Также я надеюсь, что нам удастся сказать кое-что и об Антигоне. Например, выправить привычный вывих, показав, что героем желания она является не потому, что яростно отстаивает свое требование похоронить брата Полиника со всеми почестями, но потому что ее желание не предполагает того, что она может поступать по-другому.

Супергеройское кино и современный миф

Сначала скажем несколько слов о том, почему мы можем считать мифологический подход к Джокеру правомерным. Для этого попробуем ответить на вопрос, в каком смысле супергеройское кино в современности может исполнять функцию мифа? Чтобы ответить на него в теоретическом ключе, решение стоит искать не в пресловутой массовости и распространенности такого кино, хотя здесь это обстоятельство безусловно играет важную количественную роль, а скорее в топологии значений, которая с этой массовостью идет рука об руку. Если наши выкладки верны, то учитывая то, что мы знаем о бессознательном и популярности этого жанра у детей, знаменитый «щелчок Таноса»[6] несложно будет найти в работах начинающих философов уже лет через десять.

Чтобы разобраться в вопросе, обратимся к тому медиуму, в котором впервые появилось понятие «супергерой». Случилось это в комиксах, в 30–50-е гг. XX в., в эпоху, известную в хронике этого жанра под именем «Золотого века». Именно тогда был изобретен Супермен, о котором один из его авторов, Джерри Сигел, в одном из интервью говорит так: «Внезапно меня осенило. Я представил себе персонажа, вроде Геркулеса, Самсона и всех силачей, о которых вообще слышал, в одном лице. Только намного сильнее». Примем это за запись в свидетельстве о рождении. Действительно, в сюжетных линиях супергеройских комиксов прослеживается определенная преемственность, тамошние подвижники неустанно зачищают авгиевы конюшни из выпуска в выпуск и по сей день. Однако сложно себе представить, что одного этого достаточно, чтобы создать эффект, возводящий историю супергероя в статус мифа.

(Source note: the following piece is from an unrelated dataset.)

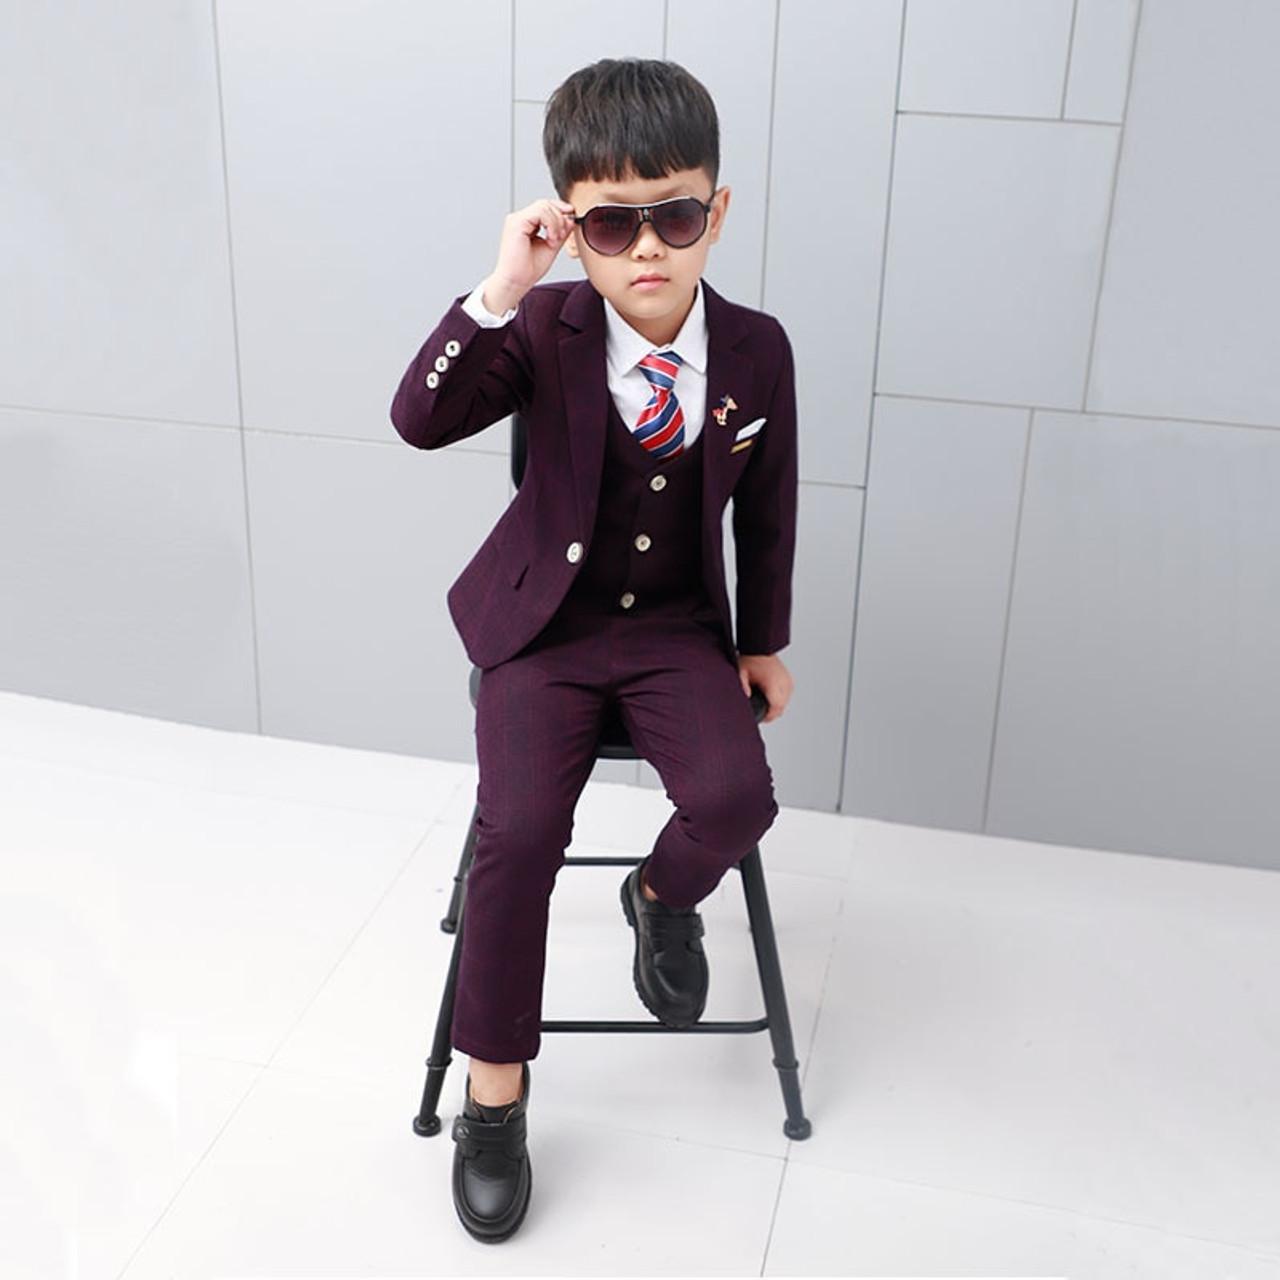 c85916c12271 ActhInK New Boys Winter Suit 5Pcs Kids Wedding Blazer Suit Boys ...

Ведь миф, μῦθος, отличается от того, что греки называли эпос, ἔπος, хотя и то, и то можно перевести с древнегреческого как «слово». В мифе есть что-то, чего нет в обычной истории, последовательности событий или рассказе, эффект истины мифа срабатывает не там же, где эффект истины эпоса. По мысли исследователей, в древности считалось, что миф связан с истиной сакральной, эпос же с профанной. Что же до наших дней, то сам принцип деления истины на сакральную и профанную оказывается под большим вопросом, что, впрочем, не остановит нас от того, чтобы провести различие. Для этого в первый, но далеко не последний, раз в этой статье обратимся к топологии.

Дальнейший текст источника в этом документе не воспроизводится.